Our results provide new evidence supporting the association between the insufficiency of n-3 PUFA and NAFLD/NASH. While this association may be largely attributed to the imbalanced n-3/n-6 PUFA in the current Western diet, certain genetic perturbations of fatty acid desaturation process may exacerbate this issue. As compared to extensive dietary research, the relationship between genetic variability in fatty acid desaturation and NAFLD/NASH was less clear. This issue could be crucial in pediatric NAFLD since genetic factors may play a more significant role in disease susceptibility at the earlier stage of human development, as compared to the dietary and other environmental factors. Our previous studies have revealed that minor alleles of multiple variants across the FADS1 locus lead to reduced hepatic transcription level of FADS1, which is further associated with reduced desaturation flux of long chain fatty acids but increased total intra-hepatic fat accumulation and susceptibility to liver steatosis.28,29 Accordingly, our current study demonstrated that reduced FADS1 function in the liver is highly correlated with not only increased steatosis but also with fibrosis and NASH. This correlation may be mediated by the altered molecular pathways involved in lipid homeostasis, as well as in hepatic fibrogenesis, suggesting that insufficient FADS1 function can lead to both molecular and pathological changes in the liver even at the early developmental stages of the disease. Besides the central function of FADS1 in the liver, the gut–liver axis derangement may also be involved in the lipid homeostasis in the liver.42 Gut microbiota was found to produce PUFA43; our recent study demonstrated that FADS1 genotype may also influence the oxidized derivatives of linoleic acid that are associated with metabolic syndrome and adverse lipid protein profiles in children.44 It is thus possible that FADS1 alleles play a role in multiple systems in increasing the susceptibility to NAFLD.
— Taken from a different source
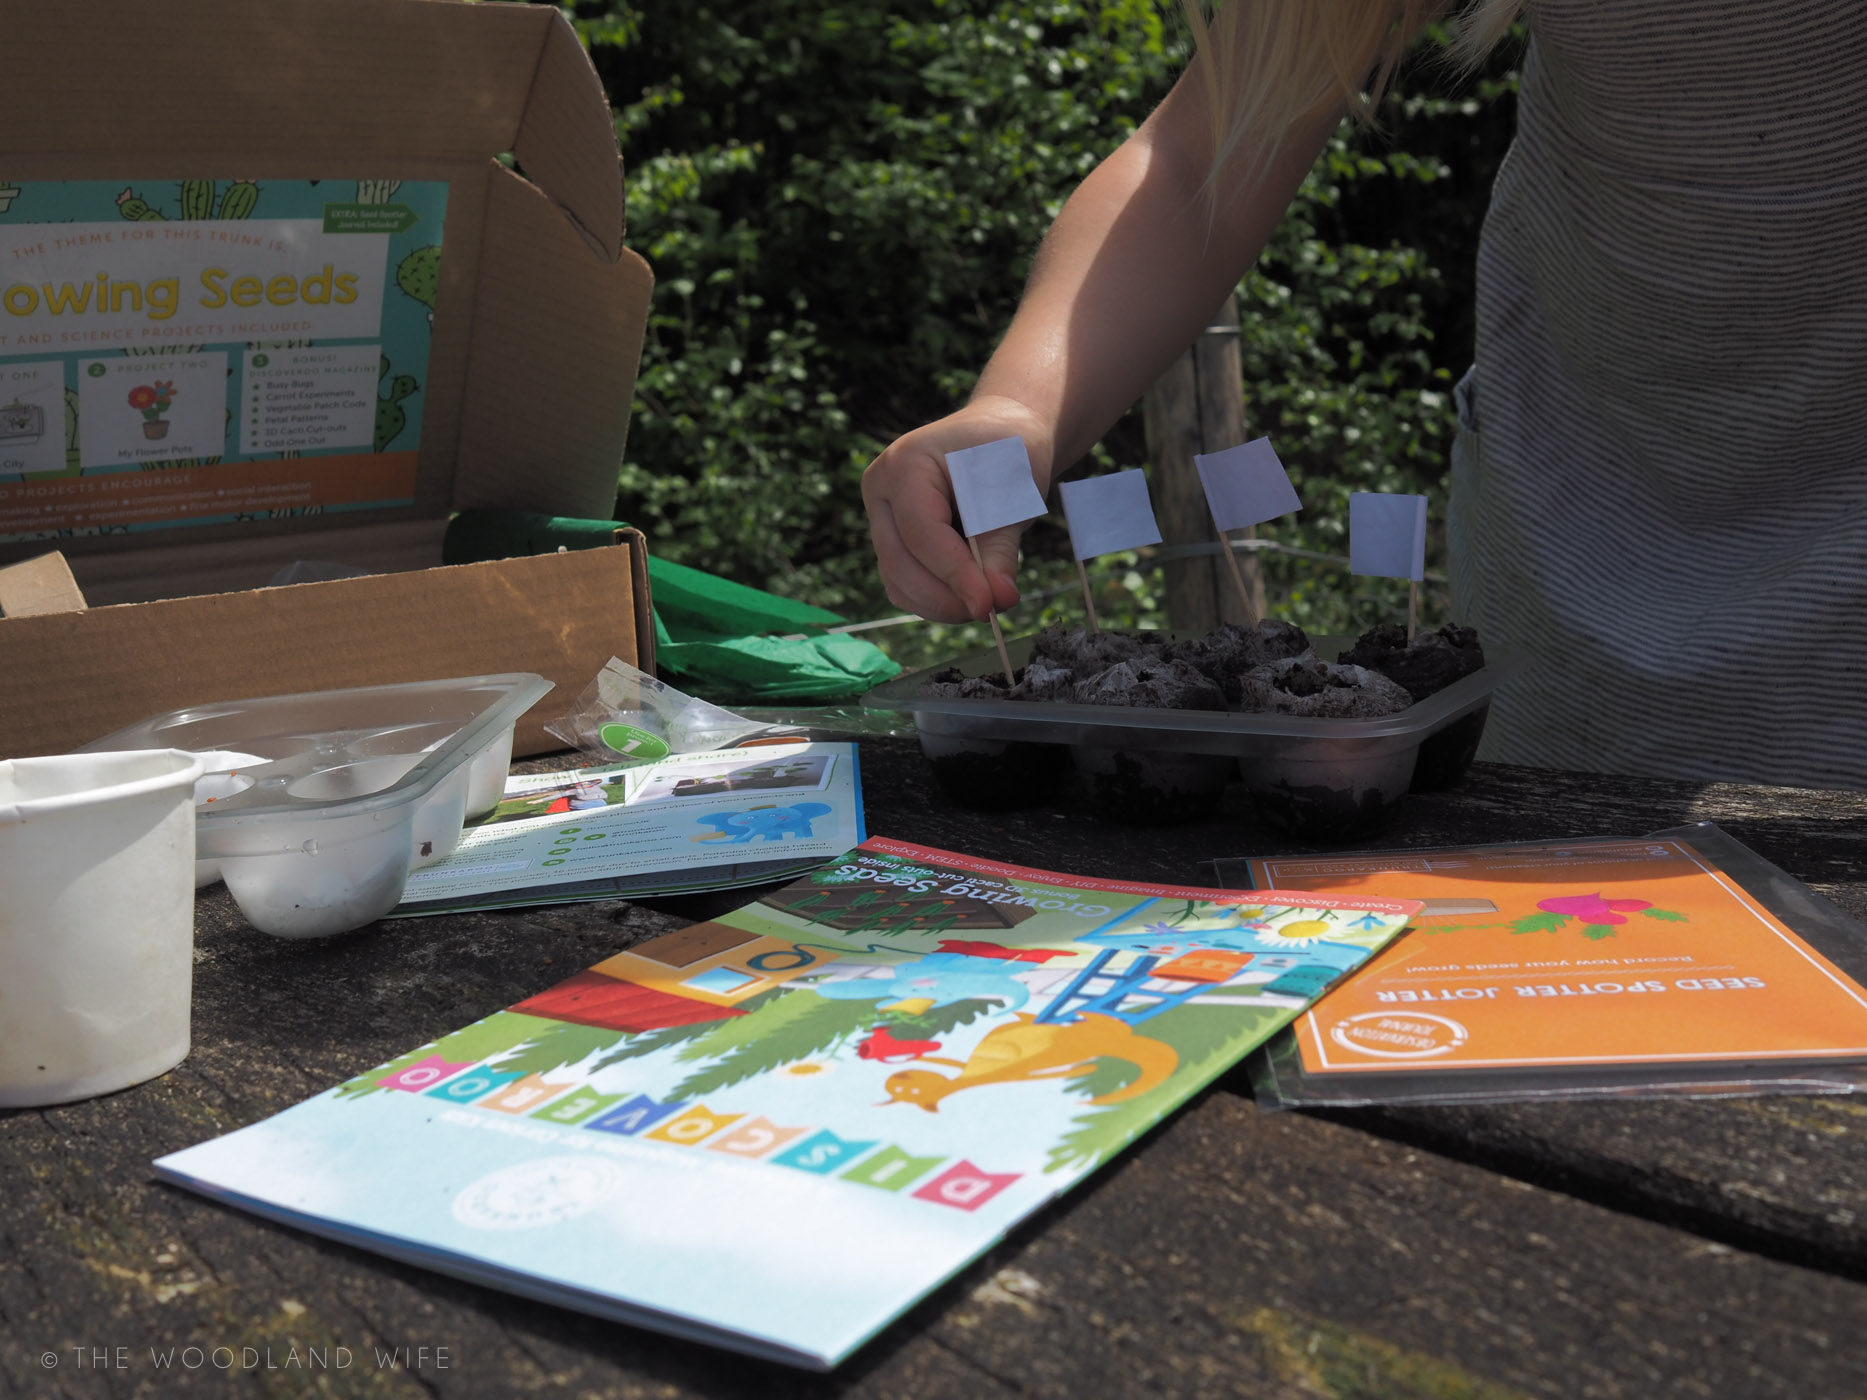 The Woodland Wife - Creative, hassle free Half Term activities at home - Trunkaroo Subscription Boxes

Our findings also have implications in clinical management of NAFLD in children. Given the increased understanding of the key role of n-3 PUFA in NAFLD, supplementation of n-3 PUFA to NAFLD patients has long been a potential treatment and preventive option for NAFLD/NASH. Our study revealed a potential mechanism that leads to inter-patient variability in response to n-3 PUFA intake. Our findings suggest that FADS1 variants can be a pharmacogenetic marker that is useful for selecting NAFLD patients who are most likely to respond to n-3 PUFA supplementation. Our study is consistent with previous studies where FADS1 minor alleles are associated with significantly better tissue accumulation of n-3 PUFA after supplementation.26,27 This hypothesis is also supported by the recent large cohort study on using n-3 PUFA supplementation in pregnant women to prevent asthma in their children where carrying FADS1 minor alleles in the pregnant women was found to be predictive of better response in their children.45 As a particular biomarker for n-3 PUFA treatment for NAFLD has not been established, our study warranted further validation of the potential predictive value of FADS1 variants in the treatment or prevention of NAFLD in children and beyond, in particular via prospective clinical studies.
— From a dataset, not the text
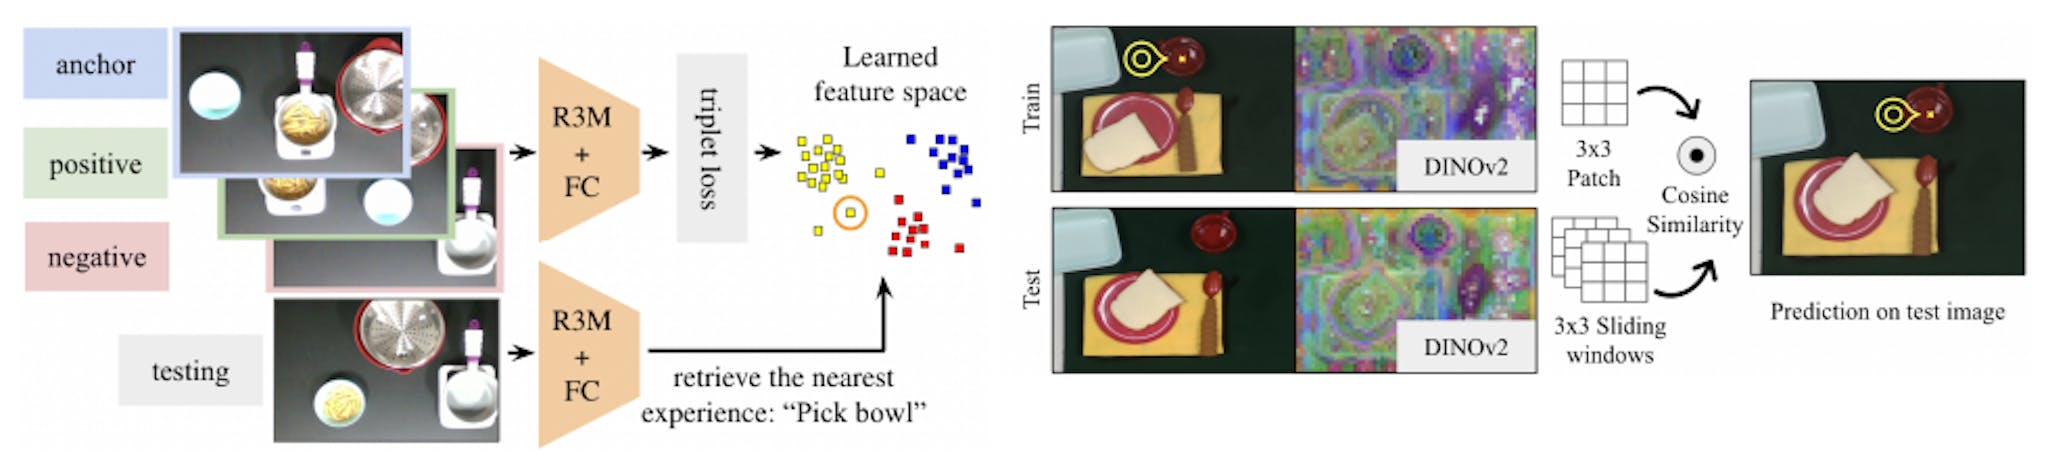 Figure 4: Left: Retrieval-based few-shot object and skill selection model. The model learns a latent representation for observations. Given a new observation, it finds the most relevant experience in the memory and selects the corresponding skill and object. Right: One-shot skill parameter learning algorithm, which finds a semantically corresponding point in the test image given a reference point in the training image. The feature visualization shows 3 of the 768 DINOv2 tokens used.

Our study was limited in several aspects. First, the small sample size leads to a low power in testing the relationship between FADS1 alleles, gene expression, and NAFLD histology or drug responses in our sample sets. A post hoc power calculation indicated that the majority of our tests is potentially under-powered (data not shown). Therefore, our findings should be limited to the observations in our cohorts and the result should be further validated in larger-scale sample sets. However, we have previously reported a strong association between FADS1 minor alleles and decreased hepatic FADS1 gene expression, whereas increased total liver fat content.28 Therefore, the findings in this study indeed validated at least in part our previous observations. Moreover, noteworthy, in our study the consistent association between FADS1 and clinical features as well as drug responses, albeit weak, collectively generated a new interesting hypothesis worth further testing in the future. Second, the age group of the donor cohort (6.1 ± 4.4 years) is different from that of the clinical study (13.00 ± 2.45 years). Therefore, the biological effect observed in the former population may not reflect that of the latter. Third, the NAFLD patients in our study were treated with a combined choline, DHA, and VE rather than n-3 PUFA as a single agent. The result thus could be confounded by the pharmacological effects of other compounds. It is thus necessary to design prospective clinical studies in a large population to specifically investigate the relationship between FADS1 alleles and clinical outcomes of n-3 PUFA supplementation. Nevertheless, our study generated interesting directions and hypotheses for understanding the pathogenesis and developing therapeutic/preventive strategies for pediatric NAFLD.
Supplementary Material
ACKNOWLEDGEMENTS
We thank Dr. Erin G. Schuetz, St Jude Children Hospital and Dr. Mark J. Ratain, The University of Chicago for providing us the liver tissue samples for the study. This study was supported in part by R01 DK106540 to W.L. and in part by Italian Ministry of Health funds (Ricerca Corrente 2017) to V.N.
Footnotes
ADDITIONAL INFORMATION
The online version of this article (https://doi.org/10.1038/s41390–018-0132–7) contains supplementary material, which is available to authorized users.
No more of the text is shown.